Listen and be present
The child does not need words – all you need to do is sit down and listen. Empathetic listening builds trust and makes you feel that their emotions are important. Avoid trivial comforts like “everything will be fine” – instead say: “I can see that you are having a hard time. I am here with you”.
Give the gift of normality
Everyday hospital life is about procedures, tests and restrictions. Accompanying is introducing elements of ordinary life, normality – watching a cartoon together, talking about your favourite character or joking. These moments remind the child that the world does not end with illness.
Do not impose yourself
Accompanying is being ready to help, but without taking control. Observe what the child needs – sometimes they want to play, and sometimes they just want to be silent. Respect their boundaries.
How to support a parent?
When their child is ill, parents often put themselves in second place, focusing on fighting for their child’s health. Accompanying them is a reminder that they also need support. Here's what you can do:
Offer practical help
Ask: "Can I bring you coffee?", "Can I cook you a nice dinner?". Small gestures relieve the parent and show that they are not alone. Ask specifically, offer specific solutions. General questions such as "Can I do something for you?" will probably not bring anything new, and a parent locked in their own "end of the world" will say that... NO, THANK YOU. Maybe ask about taking care of an issue at the post office, collecting a parcel or doing shopping - there is a chance that there is a real need for help.
Share emotions
A parent may feel ashamed that they are afraid or angry that they have no influence on the disease. Say: "It's normal to feel this way. You don't have to hide it". Giving space for emotions builds a bond.
Be a permanent point
Regular presence - a visit, a phone call, a message - gives the parent a sense of stability in chaos. Research shows that constant social support reduces the risk of depression in caregivers.

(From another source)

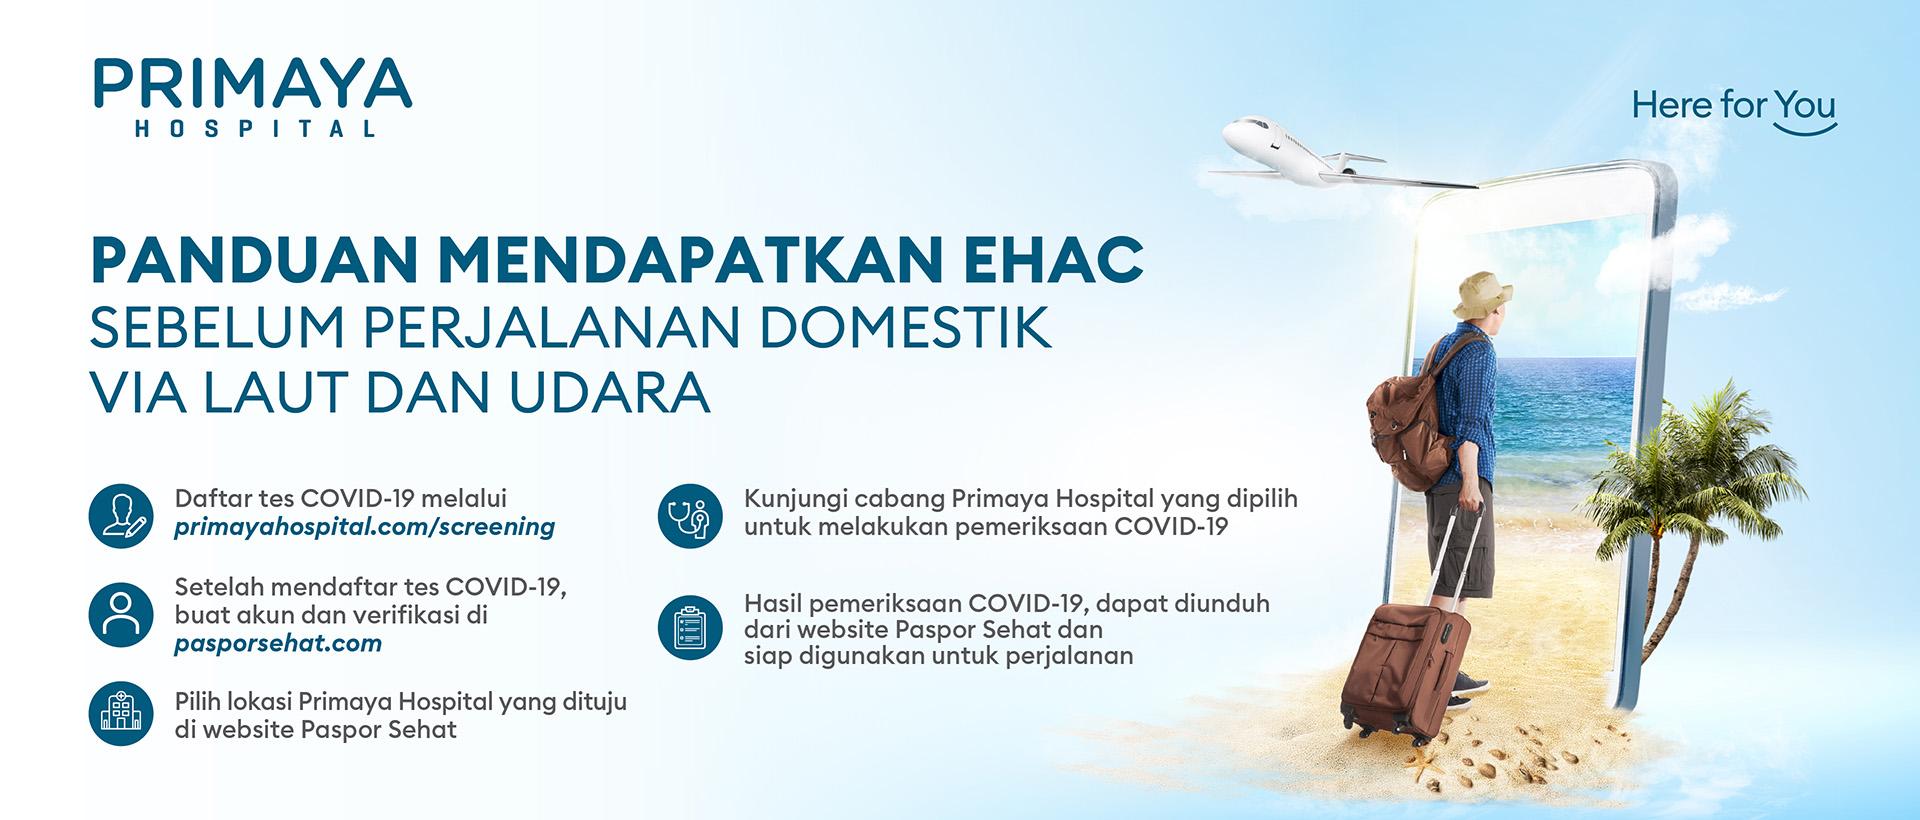 Panduan Mendapatkan EHAC Paspor Sehat Sebelum Perjalanan Domestik

In closing – words for you
If you are a parent reading this – you are not alone. If you are a person who wants to help but does not know how – just be present. And if you are a specialist – remember that sometimes the most healing tool is not knowledge, but the heart.
Accompanying a child with cancer is the art of being there – with empathy, respect and openness. It does not require big words or gestures – sometimes a smile, fun or a moment of silence is enough. As a psychologist and future psycho-oncologist, I believe that each of us can be a companion. In the next articles from the “Psychoeducation” series, I will tell you more about how fun, creativity and relationships support the fight against the disease.
And you – how do you accompany your loved ones in difficult times?
COMPANIONSHIP IS NOT EASY, BUT IT IS BEAUTIFUL, NEEDED AND POSSIBLE.
- Helgeson, V. S., & Cohen, S. (1996). Social support and adjustment to cancer: Reconciling descriptive, correlational, and intervention research. Health Psychology, 15(2), 135–148.
- Kazak, A. E., Schneider, S., & Kassam-Adams, N. (2021). Pediatric medical traumatic stress and the role of social support in child and family coping. Journal of Pediatric Psychology, 46(5)
- Uchino, B. N. (2006). Social support and health: A review of physiological processes potentially underlying links to disease outcomes. Journal of Behavioral Medicine, 29(4), 377–387.
- Szpak, A. (2014). Pomoc psychologiczna w procesie hospitalizacji dzieci: Aspekty teoretyczne i praktyczne. Wydawnictwo UMK.
- Rogiewicz, M. (2017). Rodzic w roli terapeuty: Jak wspierać dziecko w trudnych sytuacjach życiowych. Wydawnictwo Naukowe PWN.